In Europe this socio-demographic and attitudinal divergence between the religious and the secular right is reflected in political voting behavior. Right-wing populist parties become increasingly secular in their policies and often perform best among irreligious voters, while Christian voters remain largely distanced. But in America, the old religious right seems to have entered an electoral pact with the new secular right.

From the side of the post-religious right, the benefits of such a pact are obvious. Its coalition has conservative Christians as junior partners, who provide a powerful financial and electoral resource, and a convenient fig-leaf of respectability. Meanwhile, crosses and crusader narratives are useful symbols for memes and demonstrations. But make no mistake, Christian conservatives are no longer the agenda setters in this new right. In this movement, participants do not embrace Christianity as the living, vibrant, universal, and increasingly diverse faith in Jesus Christ that the overwhelming majority of America’s churches practice today. Instead, the extreme form a secularized Christianism as a symbol of a white and masculine past was on display on January 6. Just like the Vikings, the crusaders, or the Confederacy, Christianism in this context is little more than an ethno-cultural identifier that is increasingly dissociated from Christian theological beliefs, Christian private ethics, or Christian institutions like the church.

Such a hollowed-out kitsch-Christianity is not very demanding. It allows one to tolerate or indulge in white nationalist resentment even if the Gospel is clear in its universalism; it allows one to make exceptions for the outrageous public behavior of a Donald Trump even if for decades the Christian right had called for higher standards of ethical behavior for politicians; it allows one to turn a deaf ear to clergy and faith leaders who increasingly and vehemently condemn the radical right. In this thinned-out version, secularized Christianism then also becomes compatible with conspiracy theories like QAnon, with white supremacist groups like the Proud Boys, the neo-pagan symbolism of shamans and Vikings, as well as with the slavery cause of the Confederacy. In fact, kitsch-Christianity finds much more inspiration from the pagan romanticism for a lost cause and death in glory, than by the Christian hope for redemption and life after death.

It is therefore not surprising that, even as they embrace the very ethics of unconstrained power that Christianity had sought to tame in pre-Christian Europe, QAnon conspiracy theorists, Proud Boys, and other far-right extremist were happy to parade Christian crosses and flags alongside Viking and neo-pagan imaginary during their storming of the Capitol.

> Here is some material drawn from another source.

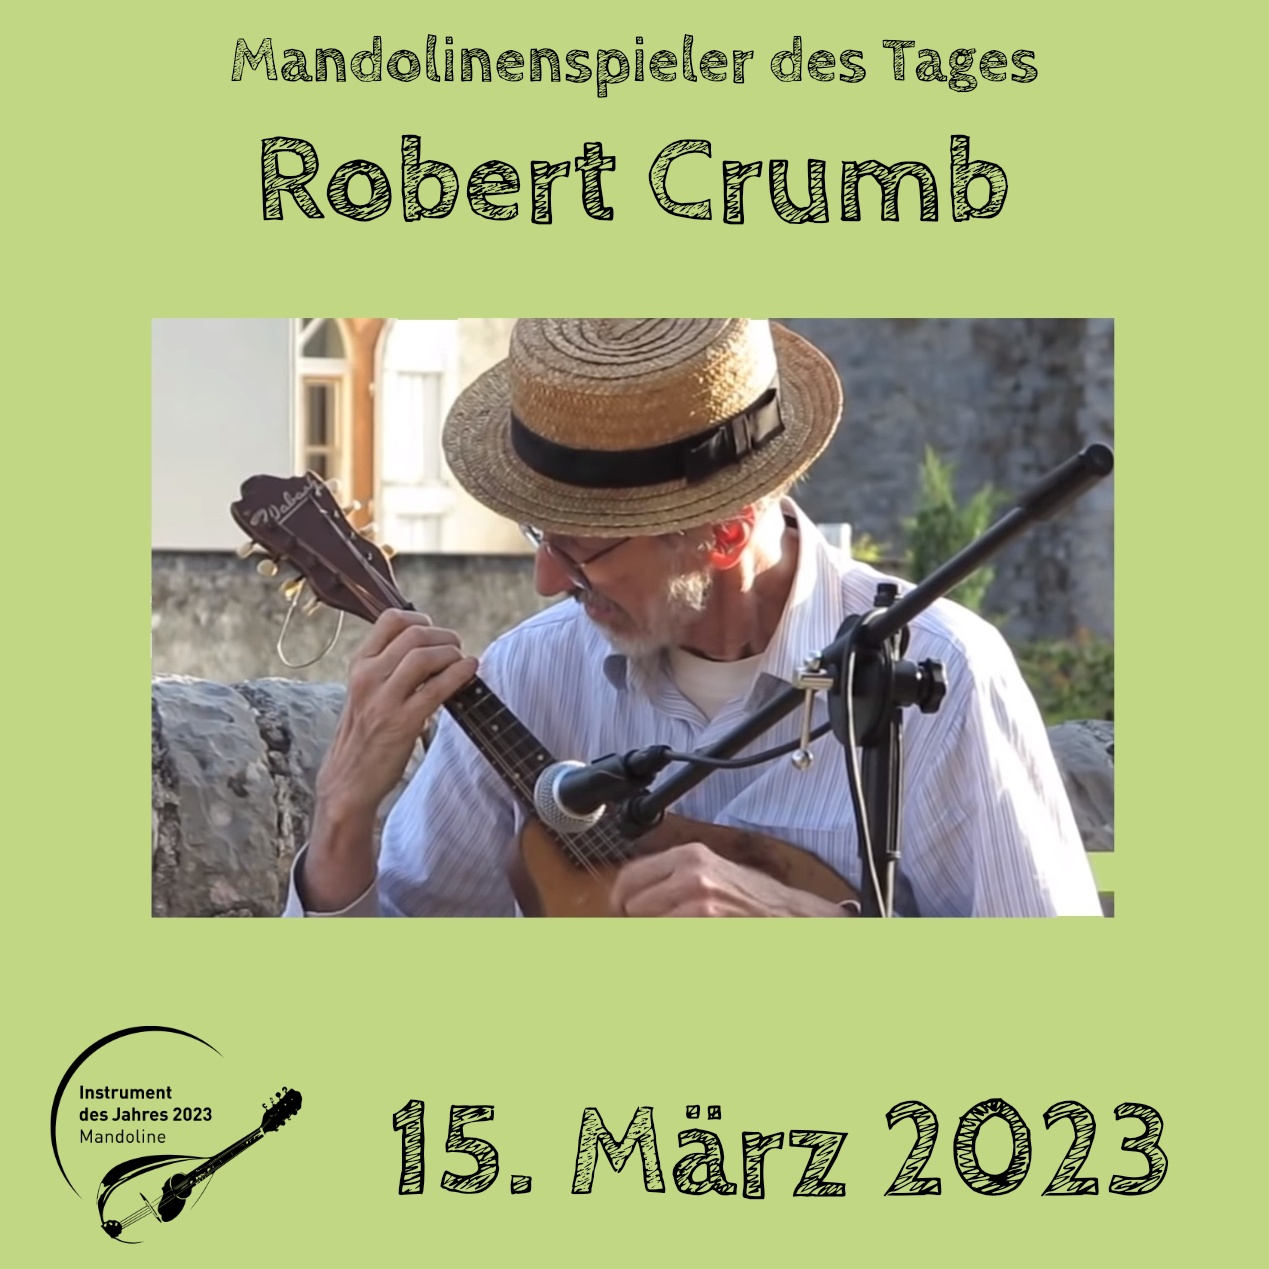 Robert Crumb Mandoline Instrument des Jahres 2023 Mandolinenspieler des Tages

What is more surprising, however, is that many serious Christians at the protests and elsewhere around the country seemed unbothered or even supportive of this idolatrous use of their faith. Many privately maintain that the alliance with Trumpist or even more radically right-wing politics is a necessary evil in exchange for a policy agenda that caters to their preferences with regards to abortion, gay marriage, and religious freedom. As Finbar Curtis has pointed out, in a way, by doing so many conservative Christians are doing exactly what many secular liberals have asked them to do for decades: they dissociate politics from private religious ethics and beliefs. However, in light of the deadly events at the Capitol, it might be worth considering whether they can still control the demons they have unleashed. In Johann Wolfgang von Goethe’s masterwork Faust, the protagonist, driven by a desire for earthly gains and power, enters a bargain with a bare-chested demonic creature wearing horns and animal skins that ends up costing him not his life but his soul. The QAnon shaman in the Capitol was certainly no Mephistopheles, yet a bargain with the brand of post-religious far-right politics that he has come to represent might entail a similar cost for America’s Christians.